Polluted air: A global health threat of epic proportions?

The_Earth_seen_from_Apollo_17[1]While bandied (and sometimes heated) climate change debate seems inexorable (see: “Global warming ‘hiatus’ puts climate change scientists on the spot,” in the Sept. 22, 2013 Los Angeles Times), there is no denying air pollution or its effects.

In support of the latter position is a Sept. 23, 2013 report in U-T San Diego (formerly the San Diego Union Tribune) titled: “Clearing the air: Climate expert receives award for discoveries tied to soot as pollutant,” written by Deborah Sullivan Brennan.

In the article, Brennan wrote: “As carbon dioxide made news for its role in climate change, Veerabhadran Ramanathan made a striking discovery: Soot and other climate pollutants are 30 to 3,000 times more potent than carbon dioxide and cause millions of deaths per year.
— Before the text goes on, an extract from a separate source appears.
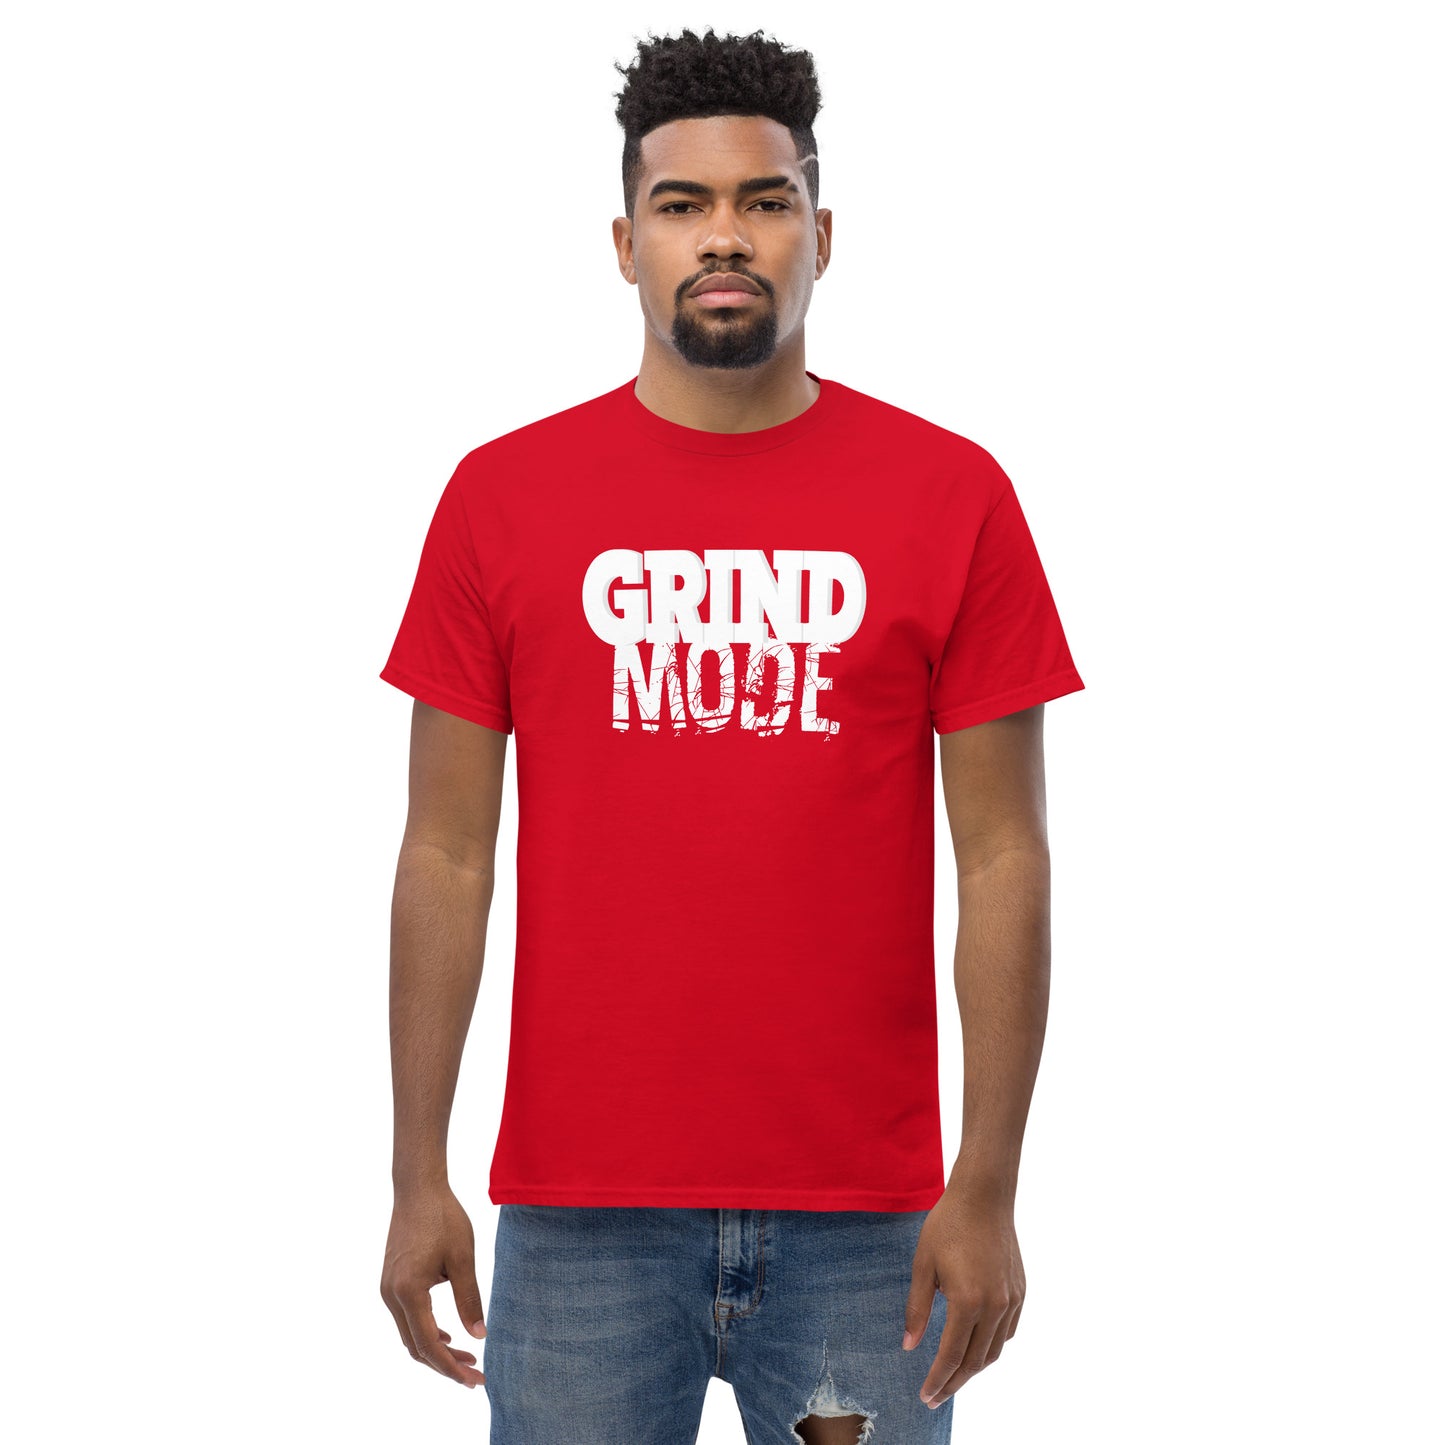 Grind Mode Men's classic tee

“The silver lining to that dark cloud is that the compounds last just weeks or months in the atmosphere, compared to the decades that carbon dioxide persists. And many of them can be swapped with simple, eco-friendly replacements.”
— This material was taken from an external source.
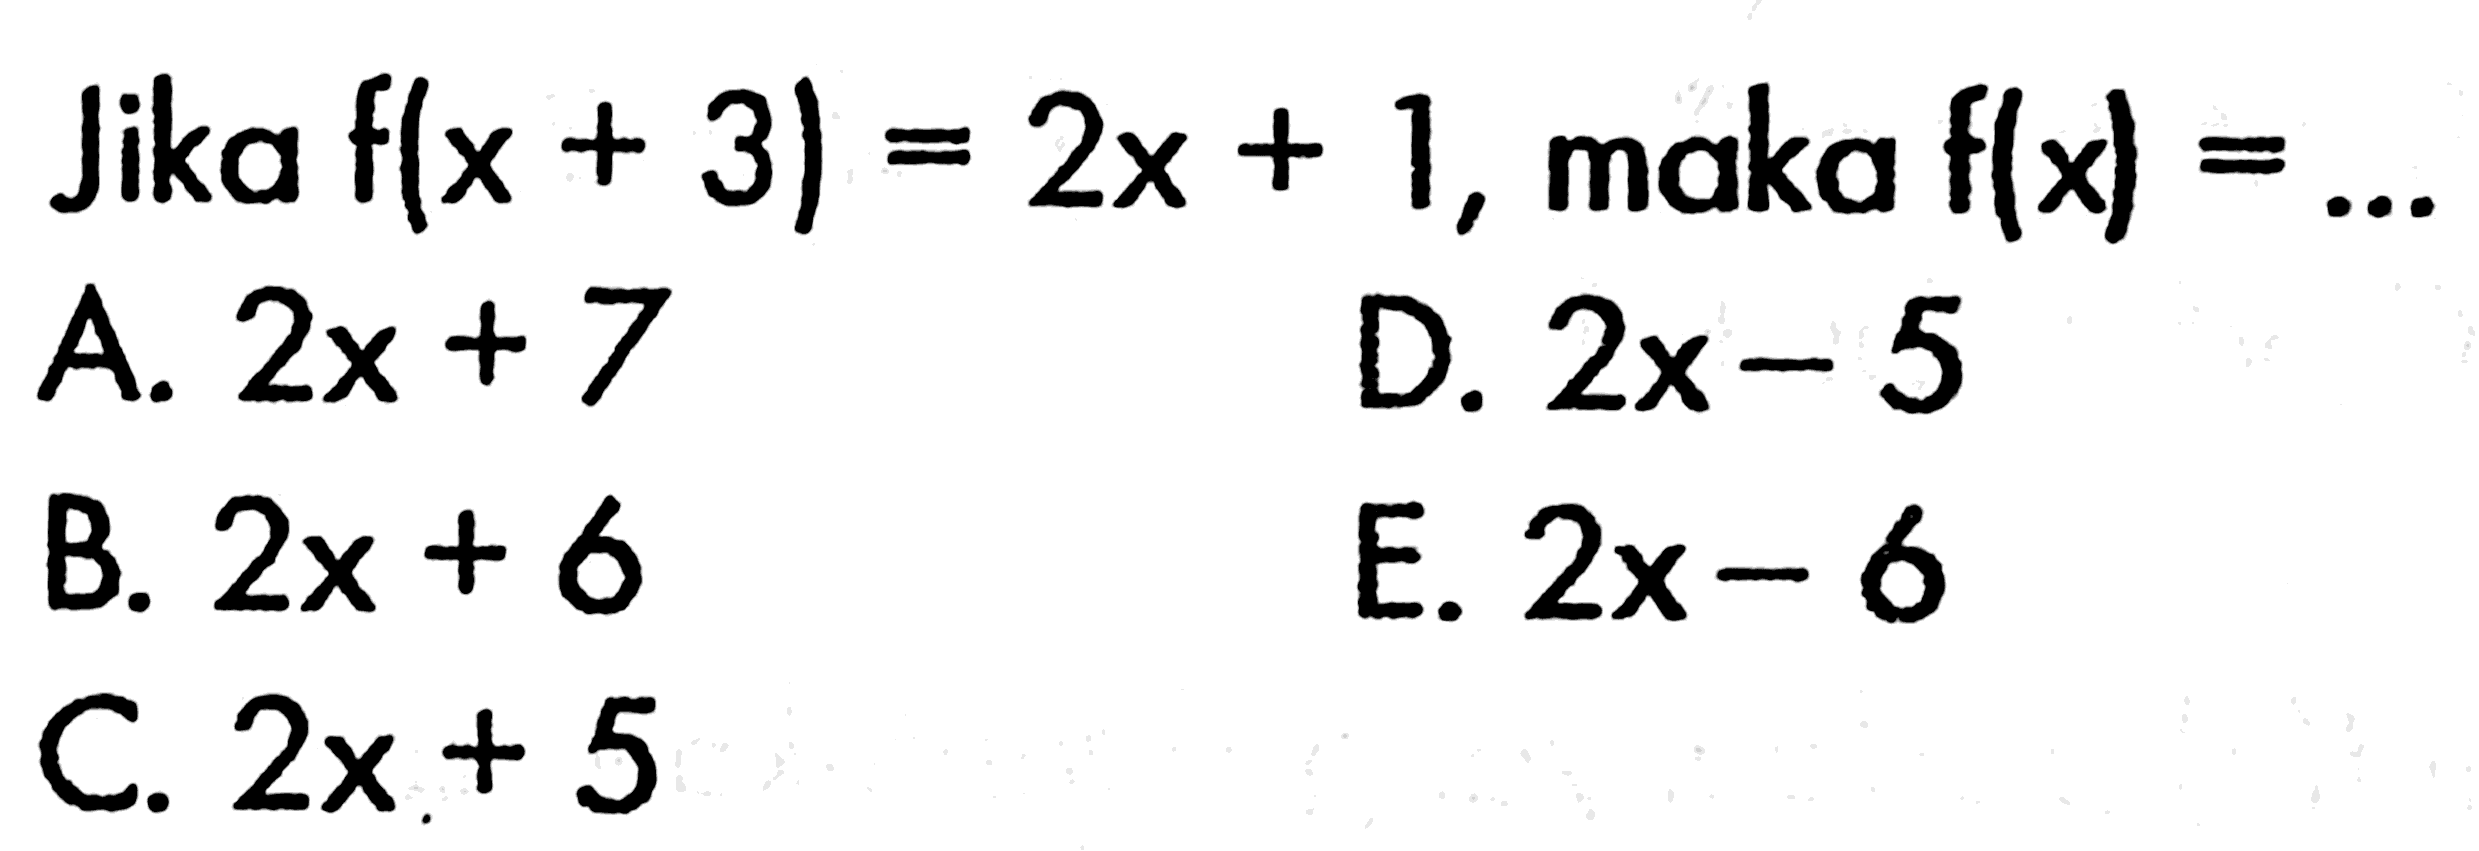 Jika f(x+3)=2x+1, maka f(x)=...

Dr. Ramanathan’s discoveries helped earn him the “2013 Champions of the Earth” award, the highest environmental acclaim offered by the United Nations, according to Brennan. “[Ramanathan] is a distinguished professor of climate and atmospheric sciences at the Scripps Institution of Oceanography in La Jolla [California],” the U-T San Diego reporter added.

There was reference made in the Brennan piece regarding how the way in which food is cooked inside homes in many of the world’s developing nations can produce highly toxic fumes.

“Inefficient cooking stoves – used by half a billion families in developing countries – emit about a quarter of all black-carbon (soot) emissions and cause an estimated 3.1 million premature deaths from smoke inhalation, especially among young women and girls, according to Scripps,” Brennan wrote.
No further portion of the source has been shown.